After the war he retired from the army with the rank of major and worked in his family company in the Christmas Islands that mined phosphate. His grandfather, Sir John Murray, who founded the company was a marine naturalist and oceanographer who was part of the Challenger expedition in the 1870s that investigated the chemical, geological, physical and biological conditions of the major ocean basins. He edited the findings which stretched to 50 volumes, financing it mostly with his own money. Anthony was director of the business from 1947 to 1951 but the Australian government were given control of the island and compulsorily bought the business to nationalise it.

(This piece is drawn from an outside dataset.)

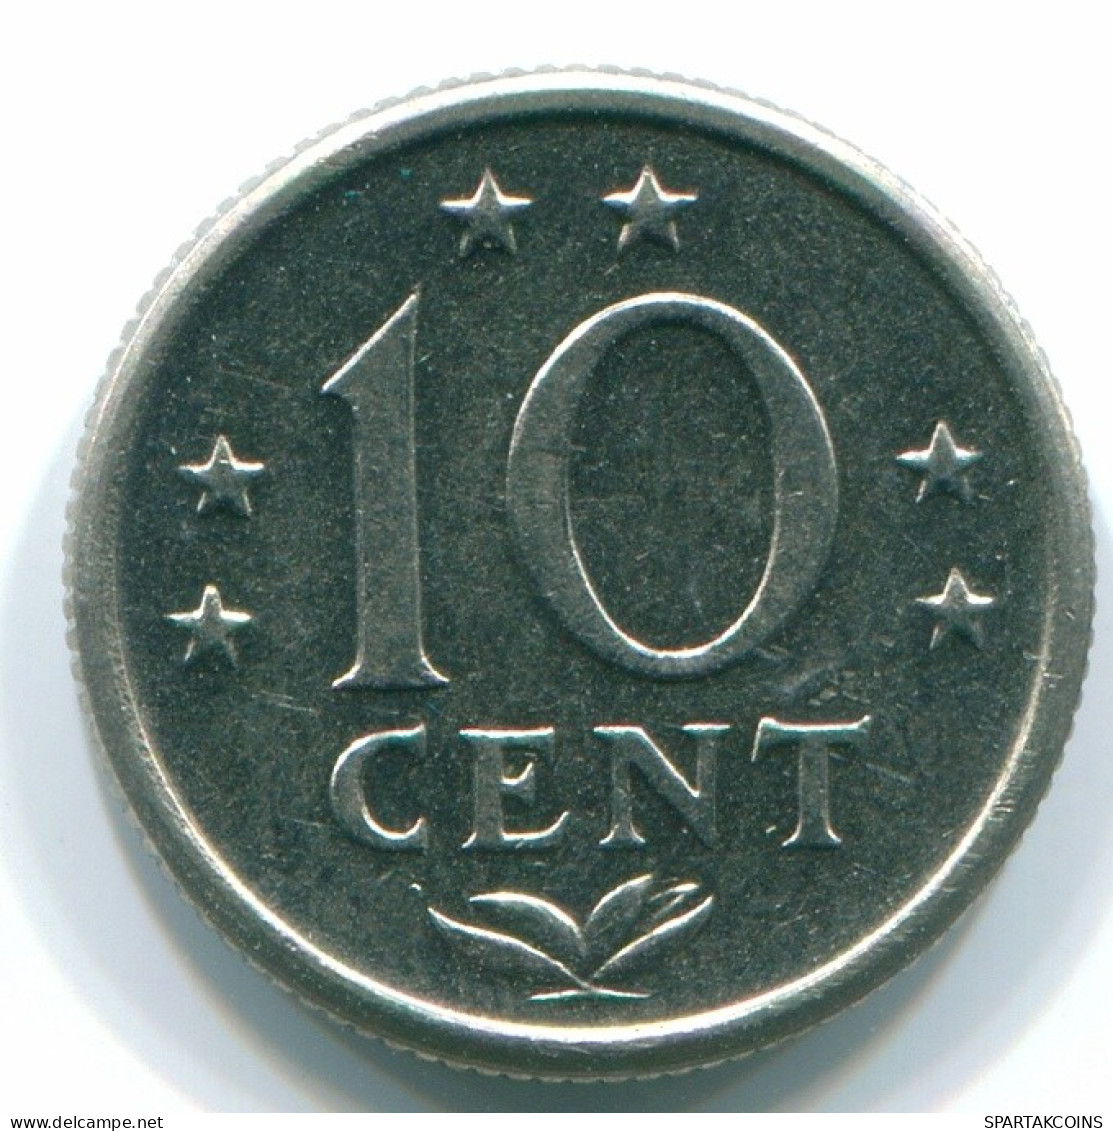 10 CENTS 1974 NIEDERLÄNDISCHE ANTILLEN Nickel Koloniale Münze #S13525.D.A - Niederländische Antillen

Murray then moved his interests to Barbados where the family had inherited the Kendal sugar plantation, the oldest and largest on the island. He developed the industry and became an important diplomatic intermediary between Barbados and Britain. He was chairman of the West India Committee, a trade body, from 1963 to 65, and then made honorary Trade Commissioner by the Barbadian Government. He spent much of his time in Brussels involved in complex EEC trade agreements based on sugar. His success in the West Indies was largely due to his determination to ignore class and racial divisions, an outlook that prove too modern for many of the diehard colonialists. He helped establish the Errol Barrow Memorial Trust which provides scholarships for West Indian students seeking education overseas. The government of Barbados recommended him for the award of the CBE which was granted in 1980. He was also knighted in 1987.